The use of universal design principles allows the Consortium to collect evidence on the widest possible range of students. By writing items that adhere to item and task specifications, the Consortium is assured that assessments measure the claims and assessment targets established in content specifications, as well as the knowledge, skills, and processes found in the CCSS for all students for whom the assessment is appropriate.
4.12.2 Performance Task Design
The Race to the Top Assessment Program Application for the Smarter Balanced Assessment Consortium (2010) highlights the importance of performance tasks to “provide a measure of the student’s ability to integrate knowledge and skills across multiple standards—a key component of college and career readiness” (p. 42). The development of an assessment system that fulfills this goal requires an understanding of how the world is changing and what skills are required to compete in an increasingly global economy. Research suggests that measuring college and career readiness will increasingly require the use of performance-based assessments (Fadel, Honey, & Pasnik, 2007).
A key component of college and career readiness is the ability to integrate knowledge and skills across multiple content standards. Smarter Balanced derives inferences concerning this ability through performance tasks. Performance assessments are intended to represent students’ competence in applying the knowledge and cognitive skills needed to solve substantive, meaningful problems. Performance assessments give students opportunities to demonstrate their ability to find, organize, or use information to solve problems; undertake research; frame and conduct investigations; analyze and synthesize data; and apply learning to novel situations.
A Smarter Balanced performance task involves interaction of students with stimulus materials and/or engagement in a problem solution, ultimately leading to an exhibition of the students’ application of knowledge and skills. Stimuli include a variety of information forms (e.g., readings, video clips, data), as well as an assignment or problem situation. As shown in the test blueprints, performance tasks are an integral part of the Smarter Balanced test design. When a performance task is assigned and given in its entirety, it fulfills a specific role in the test blueprint for a grade and content area. Performance tasks are intended to challenge students in applying their knowledge and skills to complex, contextually rich problems. These activities are meant to measure capacities such as depth of understanding, writing or research skills, mathematical modeling, and complex analysis. They consist of collections of questions and activities coherently connected to a single scenario. The performance tasks are administered online via computer (not computer adaptive) and require one to two class periods to complete.
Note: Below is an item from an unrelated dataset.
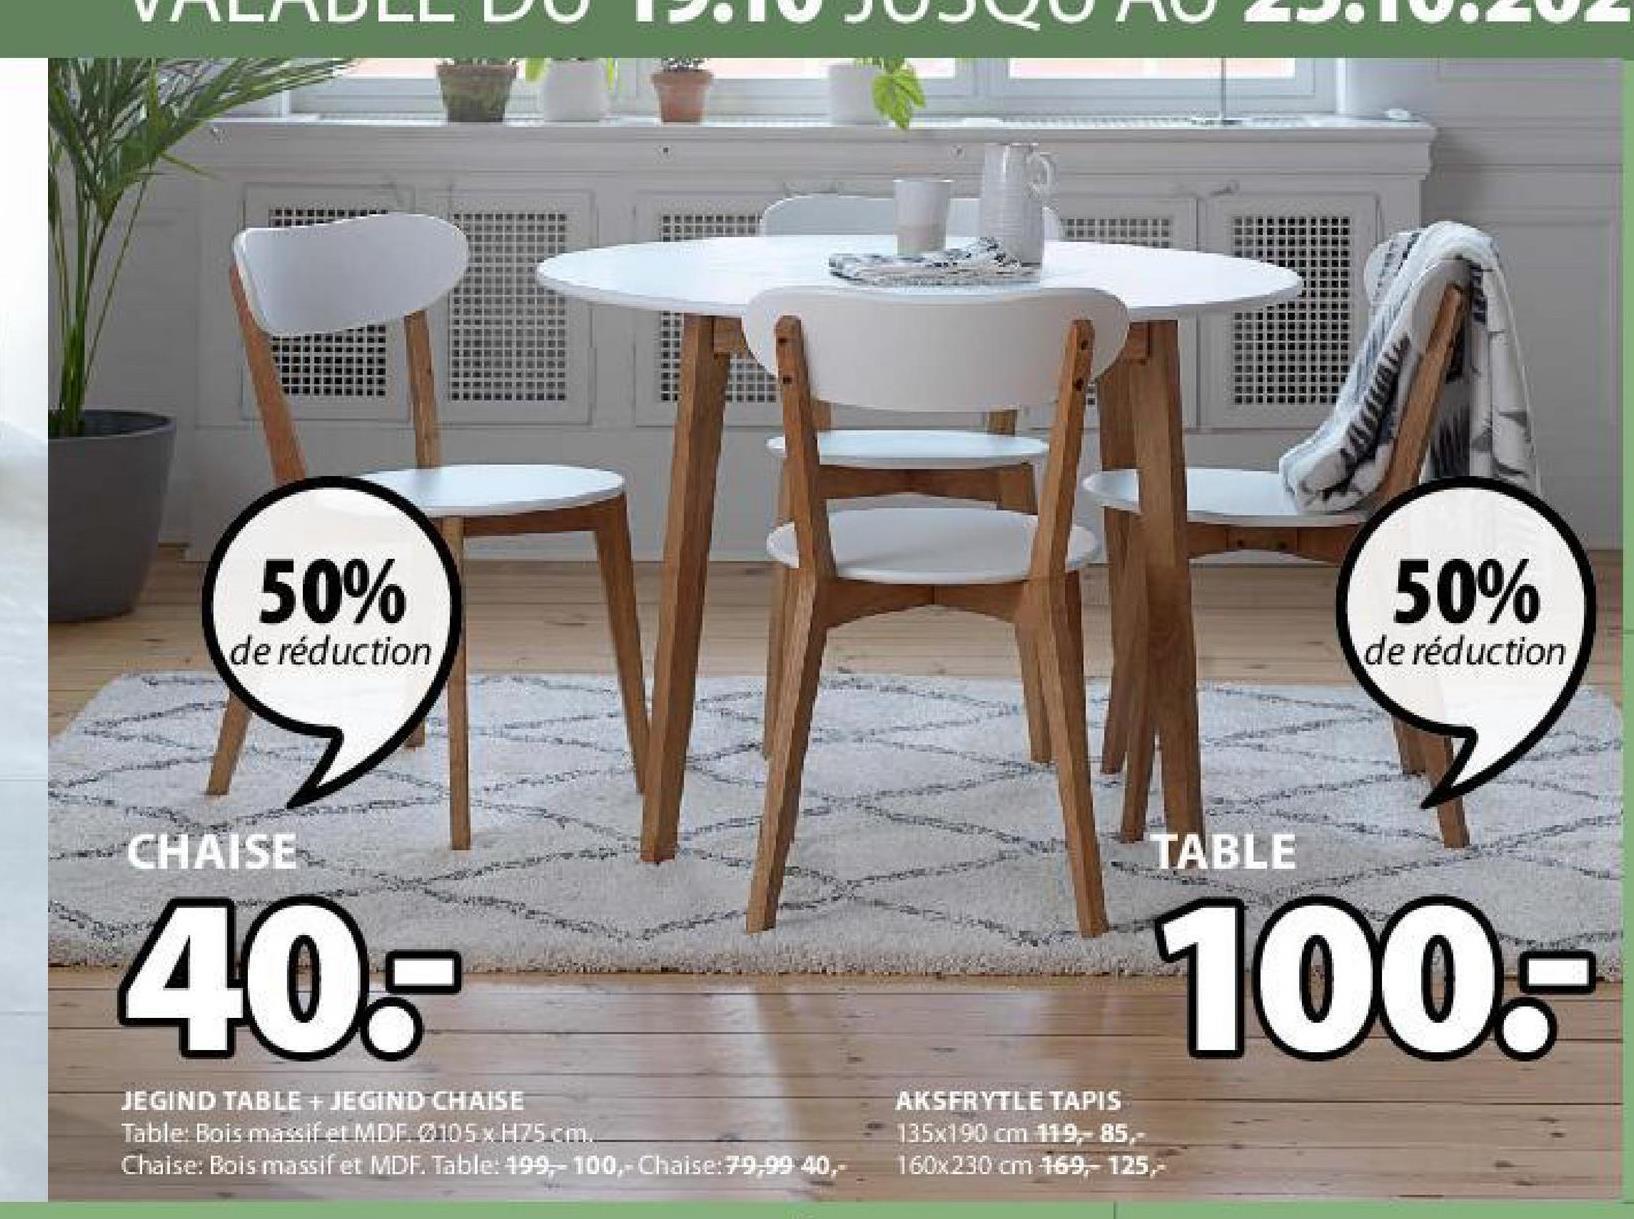 50% 50% de réduction de réduction CHAISE TABLE 40- 100- JEGIND TABLE + JEGIND-CHAISE Table: Bois massif et MDF 4105 x H75cm. Chaise: Bois massif et MDF. Table: 199-100,-Chaise:79,99 40,- AKSFRYTLE TAPIS 135x190 cm 119,- 85,- 160x230 cm 169, 125,-
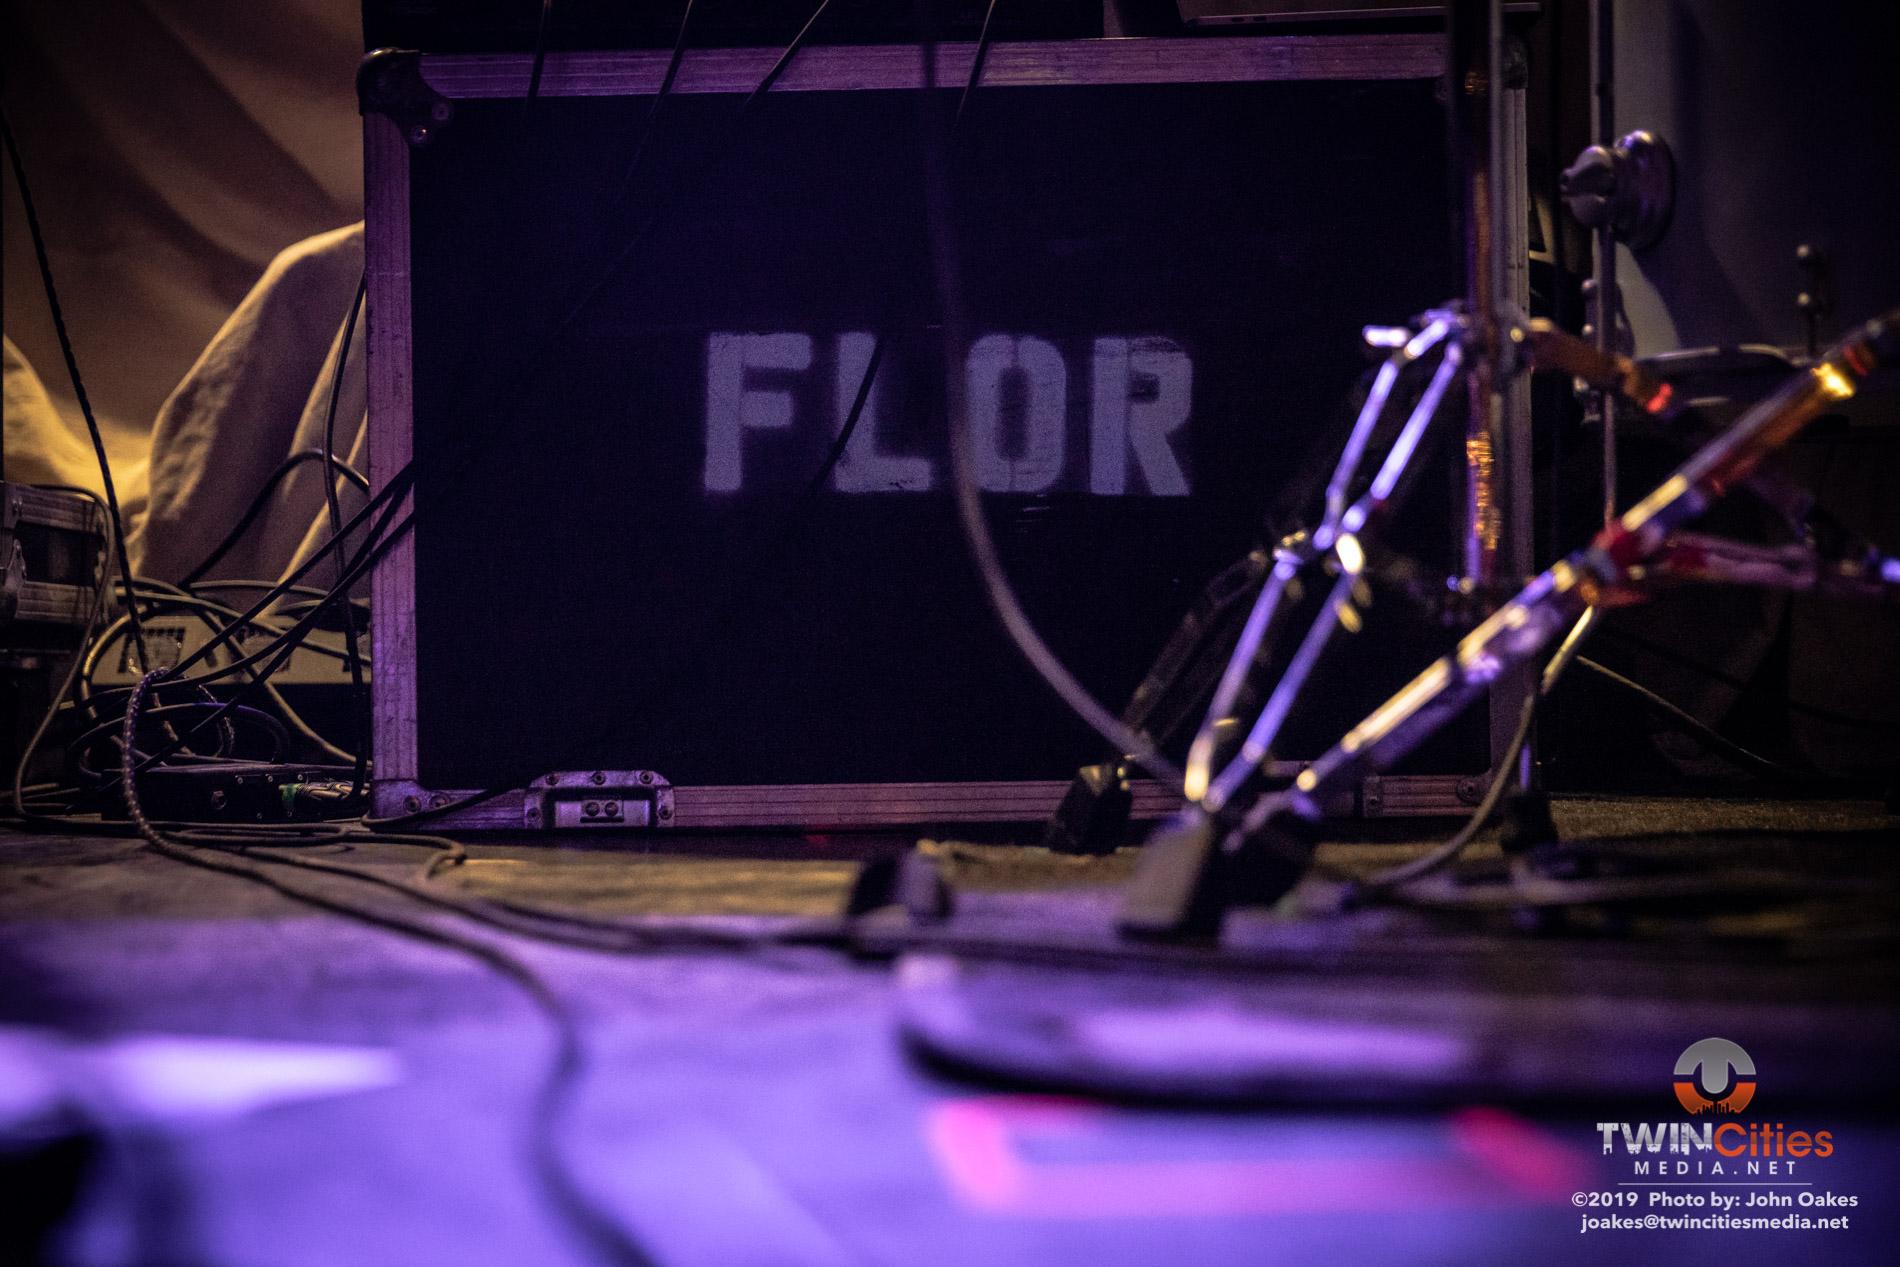 Flor16

Performance tasks were constructed so they can be delivered effectively in the school/classroom environment (Dana and Tippins, 1993). Requirements for task specifications included, but were not limited to, compatibility with classroom activities, materials and technology needs, and allotted time for assessment. Performance tasks adhere to specifications used by item writers to develop new tasks that focus on different content but are comparable in contribution to the blueprint.
All Smarter Balanced performance tasks consist of three basic components: stimulus presentation, information processing, and scorable product(s) or performance(s). “Information processing” means student interactions with the stimulus materials and their content. It could include note-taking, data generation, and any other activities that increase students’ understanding of the stimulus content or the assignment. All activities within a task must have a rationale for inclusion (e.g., to increase understanding, for scaffolding, as early steps in product creation or for product creation).
In ELA/literacy, each performance task comprises a targeted research effort in which students read sources and respond to one research item, followed by an essay. (Prior to 2018-19, students responded to three research items.) During the research component, students may take notes to which they may later refer. Students then write a full essay drawing from source material and research notes. Claim-level results in writing and research are based on both CAT and performance task item responses.
In mathematics, each performance task comprises a set of stimulus materials and a follow-up item set consisting of up to six items in claims 2, 3, and 4. These are combined with CAT items in claims 2, 3, and 4 to satisfy the blueprint and create a claim 3 score and a combined claim 2 and 4 score. Performance tasks address an integrated scenario in middle and high school and a common theme in grades 3 to 5.
4.12.3 The Item/Task Pool Specification
An item pool refers to a collection of test questions (known as items) that support the test blueprint for a particular content area and grade. The Consortium takes multiple steps to ensure the quality of the items in our item pool. Building on the ongoing process of developing item/task specifications and test blueprints, the Consortium uses an iterative process for creating and revising each item as well as the collection of items. In the initial item development process, the Consortium tested items and refined its approach to item development through three steps: small-scale tryouts, a large pilot test, and a large field test. Details of the pilot and field tests are found in the Smarter Balanced 2013–2014 Technical Report (2016a). During each phase, the Consortium used cognitive laboratories to understand the strategies that students used to respond to the items. By incorporating this tiered and iterative approach, the item and task specifications that guided the development of the final operational pool were improved based on lessons learned during tryouts.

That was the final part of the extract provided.